A boreal forest is particularly suited for such method comparison
because of its simple species composition (Hänninen, 2016; Högberg,
2007). Moreover, because this biome is strongly nitrogen (N)-limited (Du
et al., 2020) adding extra N induces a strong response in terms of
growth and C fluxes (From, Lundmark, Mörling, Pommerening, & Nordin,
2016; Högberg, 2007; Hyvönen et al., 2008; Kergoat, Lafont, Arneth, Le
Dantec, & Saugier, 2008; Nohrstedt, 2001; Tamm, 1991). These increases
should be captured by all methods. However, a positive N-fertilisation
effect on GPP was not always observed. At our site, previous studies
showed no effect of N supply on GPP (Lim et al., 2015; Tarvainen,
Räntfors, Näsholm, & Wallin, 2016) but Tian et al (under review) found
a higher GPP in the fertilised plot than in the reference plot.

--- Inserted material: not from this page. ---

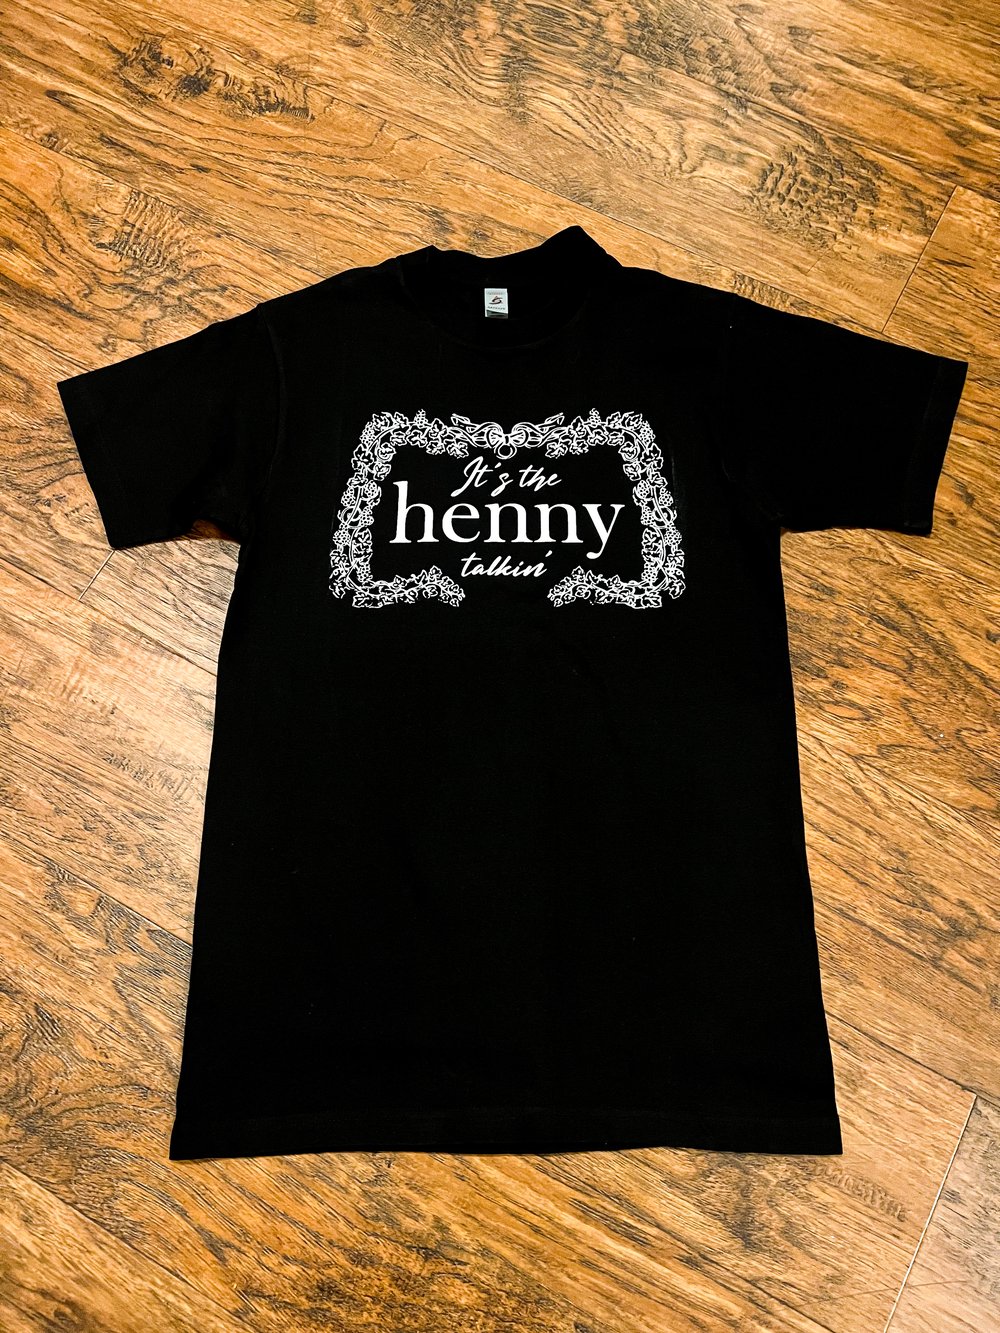 Image of “It’s the Henny talkin” Men’s t-shirt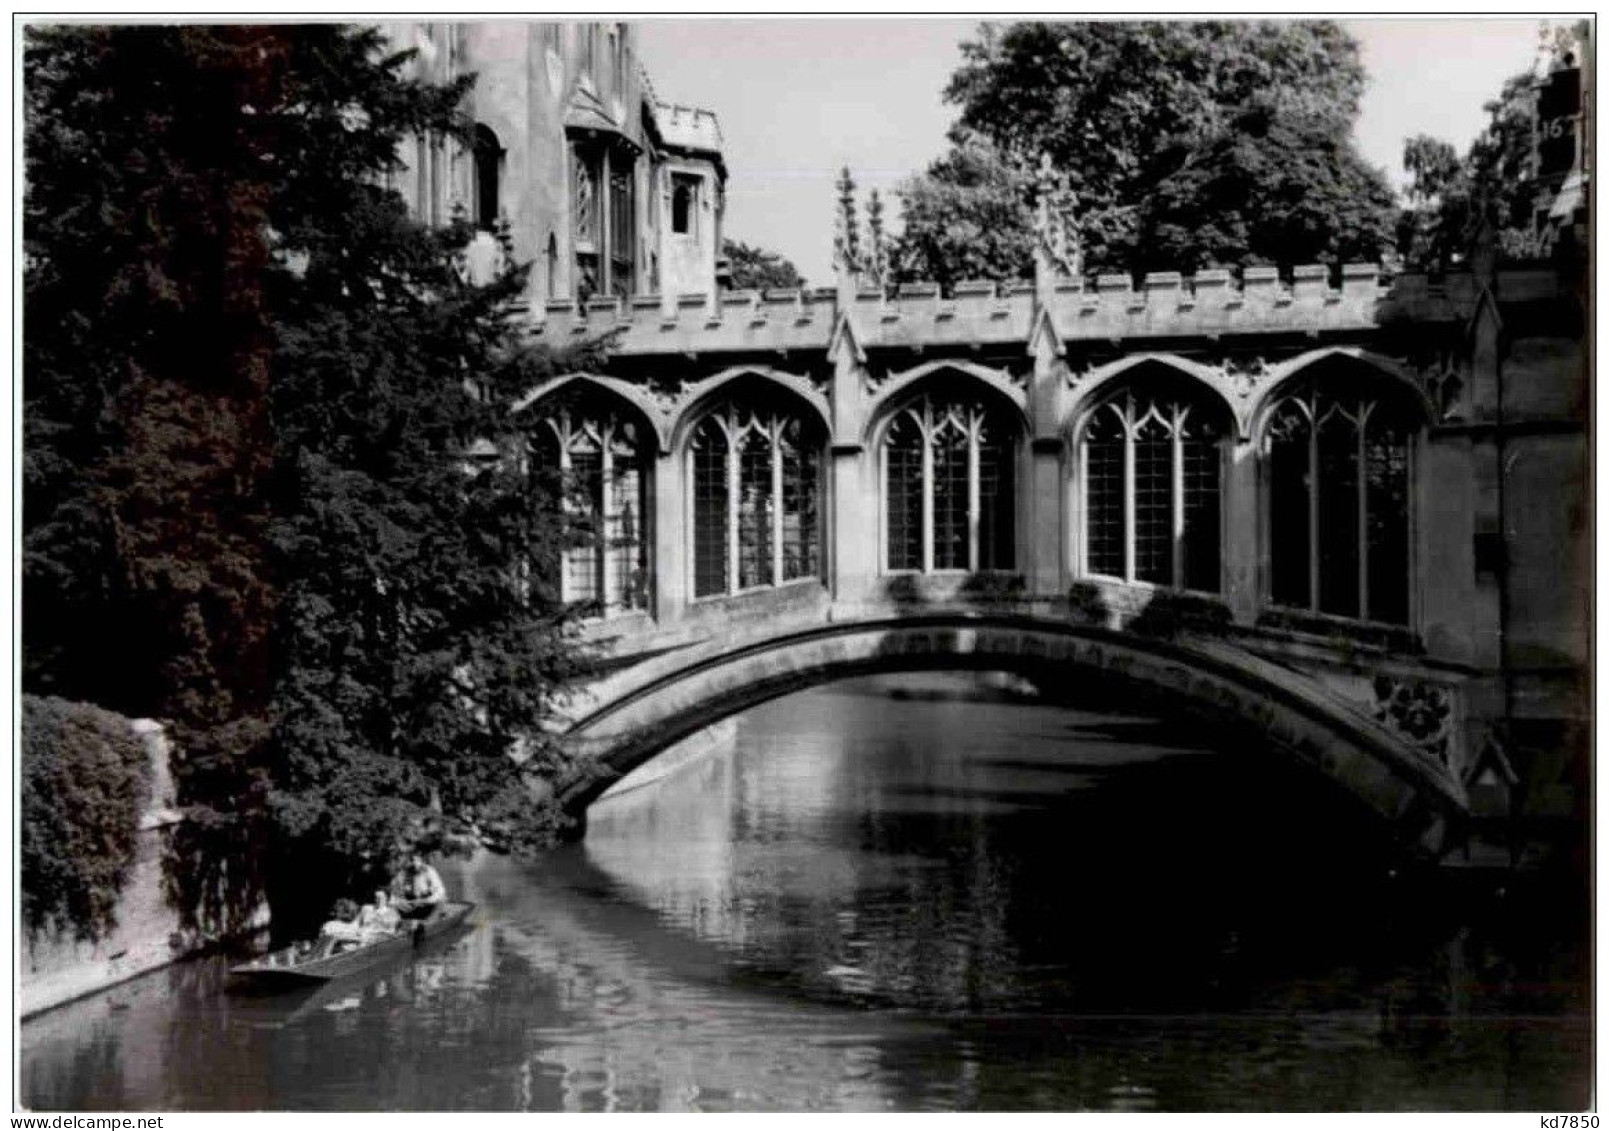 Cambridge 1953 - Cambridge

The method we propose in this paper aims to provide an alternative
stand-scale estimate of GPP that is independent of eddy covariance. Our
first objective here was to compare estimates of GPP based on stable
isotopes and sap flux against GPP based on PRELES, a process-based model
parameterised with eddy covariance data. The second objective was to
determine how fertilisation treatment influenced the canopy GPP with the
sap flux/isotope method. Finally, the third objective explores
alternative methods for incorporating an empirical gmestimate and how these alternatives influence the GPP estimate.